Wednesday, May 20, 2009

Getting a grip
So, you have the perfect boat and the perfect paddle. You're all set, right? Well, hold on. Do you have the perfect grip? That is, are your hands placed at the 100% (perfect) distance apart?

Test paddlers in recreational boats often hold their hands too close together. It's obvious when you see them that they have absolutely no mechanical advantage as they are holding the short end of a lever. But, then, how far apart should one's hands be?

Jumping ahead, I am going to guess that the answer is where ever your hands and stroke are most comfortable. Besides, what difference does it make...other than sore shoulders, no torso rotation, etc.. This all came to me yesterday as I happily paddled with a 230 set up.

I realized that I could get a different feeling of power by putting my hands ever so slightly further apart. I also realized that doing so ever so slightly reduced the reach of the blade and, thereby, shortened my stroke...ever so slightly. My arms pretty much stay the same length, and the distance from my hand to the tip of the paddle becomes shorter as I move my hands out toward the blades. Or, does moving my hand out increase my torso rotation and, thus, add back in the lost length?

We instructors often have new paddlers hold their paddles with their hands as far apart as they can in order to get them to rotate their torsos. Then we tell them to make the touchdown sign with the paddle atop their heads and tell them that that is a good starting position. We usually don't, and can't, tell them exactly where the ideal grip will be, and they don't have enough experience to know when they have it. More over, they inevitably have the wrong length paddle (too short) and do not efficiently reach the water where ever they place their hands. So, how do they, and we, know the best hand placement that gives us comfort, power and efficiency?

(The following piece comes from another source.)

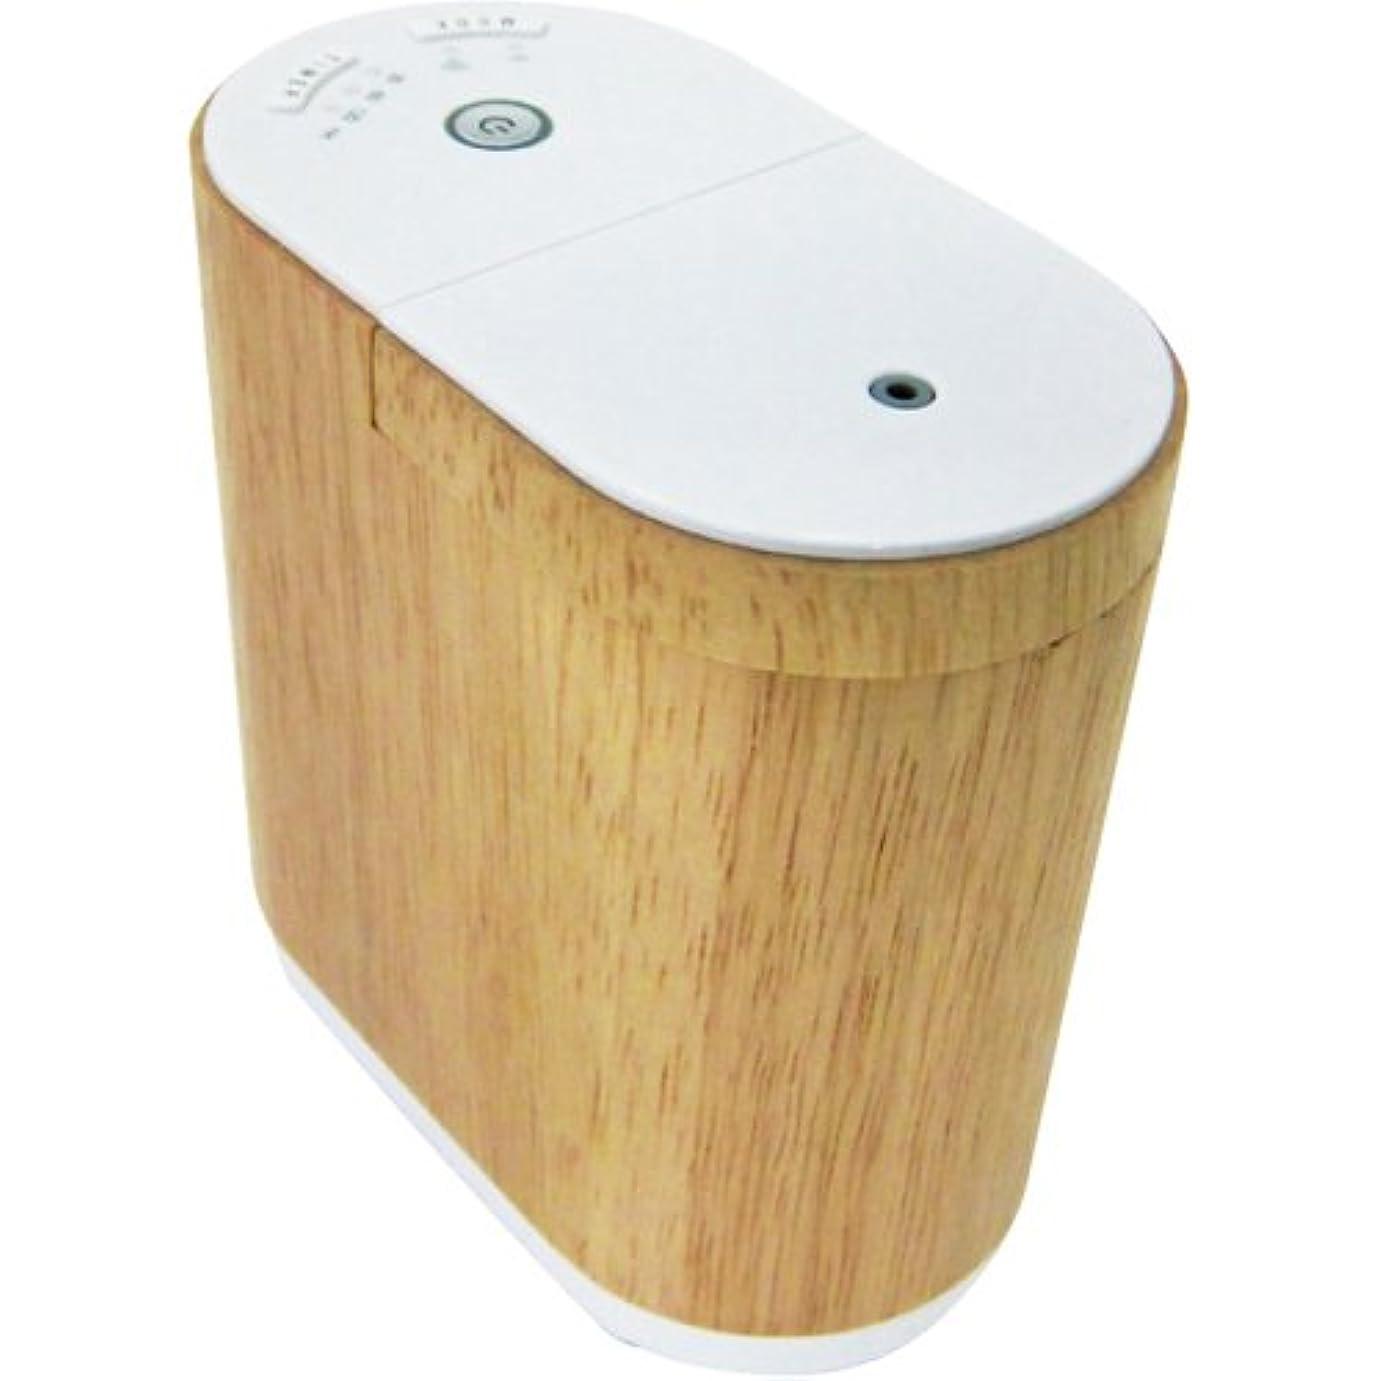 おじさんスパーク鈍い生活の木 アロマディフューザー(ウッド)エッセンシャルオイルディフューザー aromore(アロモア) 08-801-6010
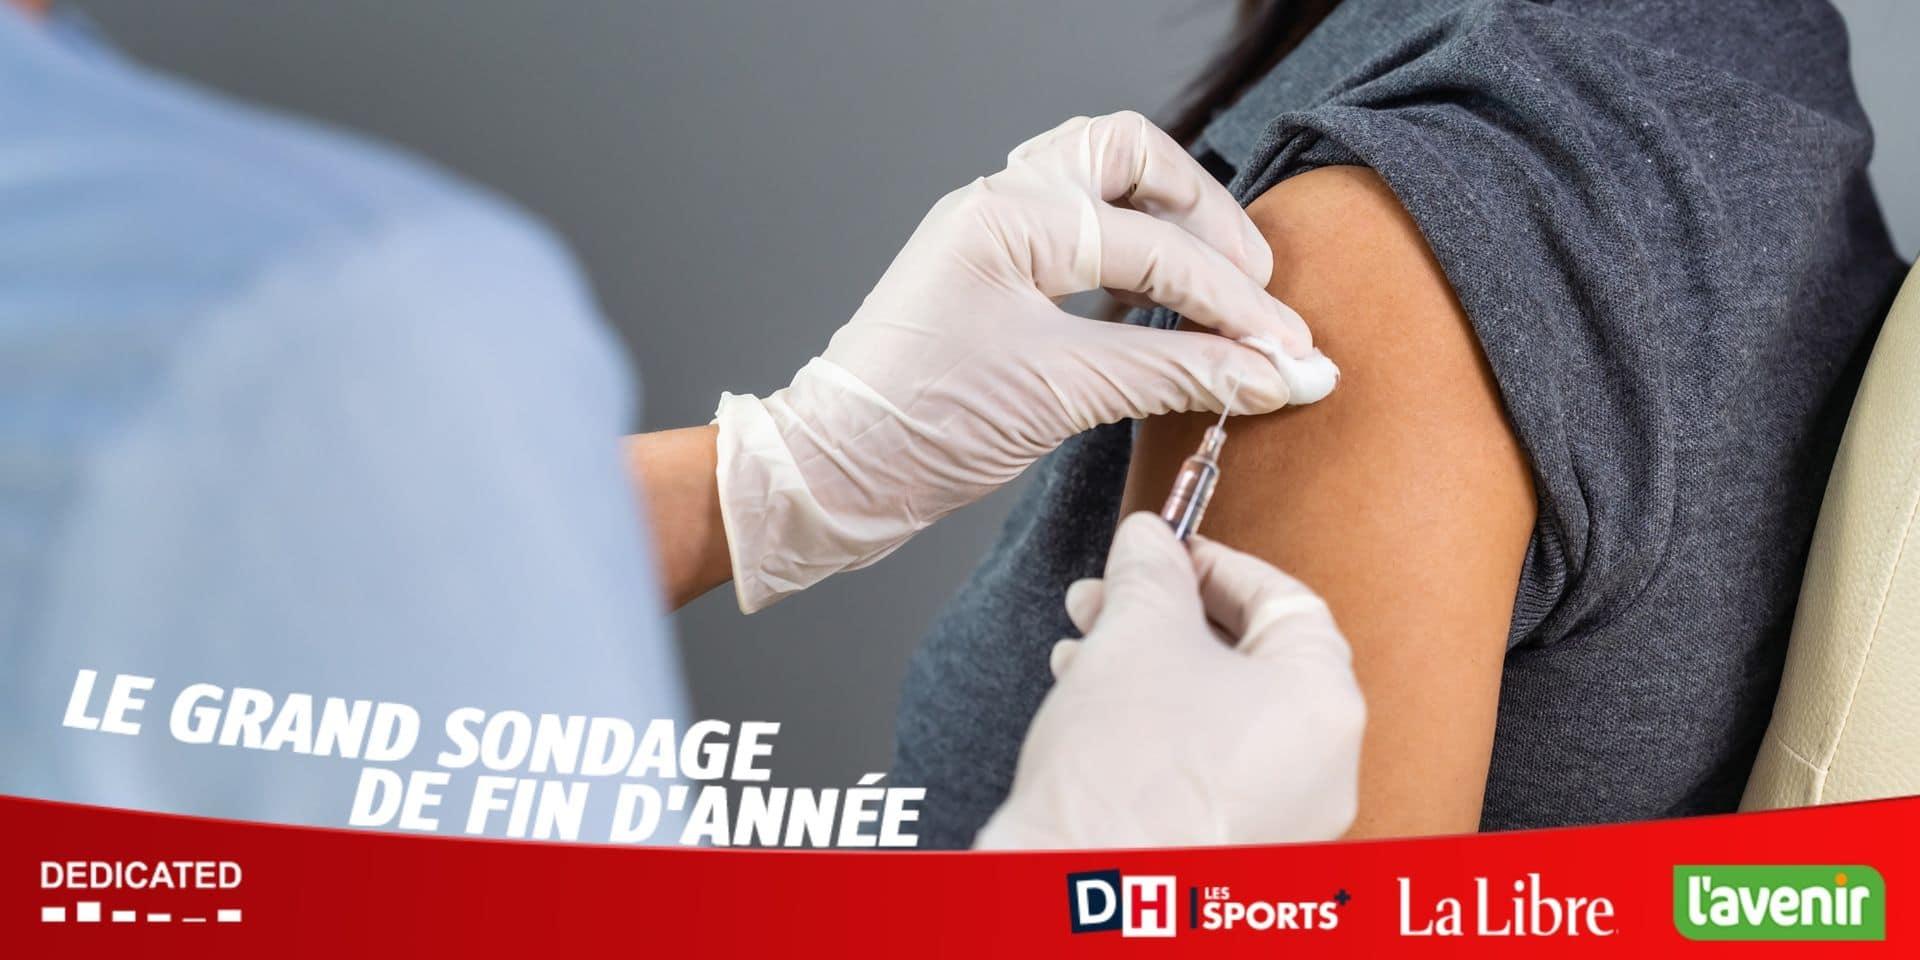 Le grand sondage de fin d'année de la DH : pour réussir la stratégie de vaccination, il faudra convaincre

I knew I was too happy paddling yesterday. In fact, my only worry was that I had run out of things to worry about.

Paddle safe...


JohnB said...

. . . and that will never happen (you run out of things to worry about)!

As to your comment that new paddlers start out with a paddle too short, my experience has been that they start out with a paddle that's too long. We tend to focus on the paddle length and the forward stroke. Granted that's what we do most of the time. however, a shorter paddle for most other strokes and maneuvers is certainly more effective and efficient. Think (worry) about that statement for awhile ;-)

Michael said...

I had an interesting day recently playing around with various strokes with a GPS unit mounted on the front deck. I don't have a paddle selection to play with, but it would be equally instructive. Watching my speed change while using different strokes was a revelation. I recommend trying it as you sort out your paddle mysteries!

derrick said...

ummm, doing distance with a Greenland stick a longer paddle is more effective...however, sharp maneuvering is another matter.

JohnB said...

Michael makes a good point about the GPS--a few years (5 or 6) ago while on a solo trip I used a GPS to monitor my stroke efficiency. I'd be slugging along for awhile and look down at the GPS to see that I was only going about 2 mph! While I was paddling into a 15 mph headwind, with gusts to 20+, I'd tighten by technique up--focus on good form, and I was able to pretty effortlessly go up to 3.5 mph, 4+ was pushing it in the headwind, but 3.5 with focus on good form was pretty easy. Sort of mid to high angle, good extension on the catch, good torso rotation, and just a nano second of a pause before the catch, and a clean release. Now these things are pretty well ingrained in my technique.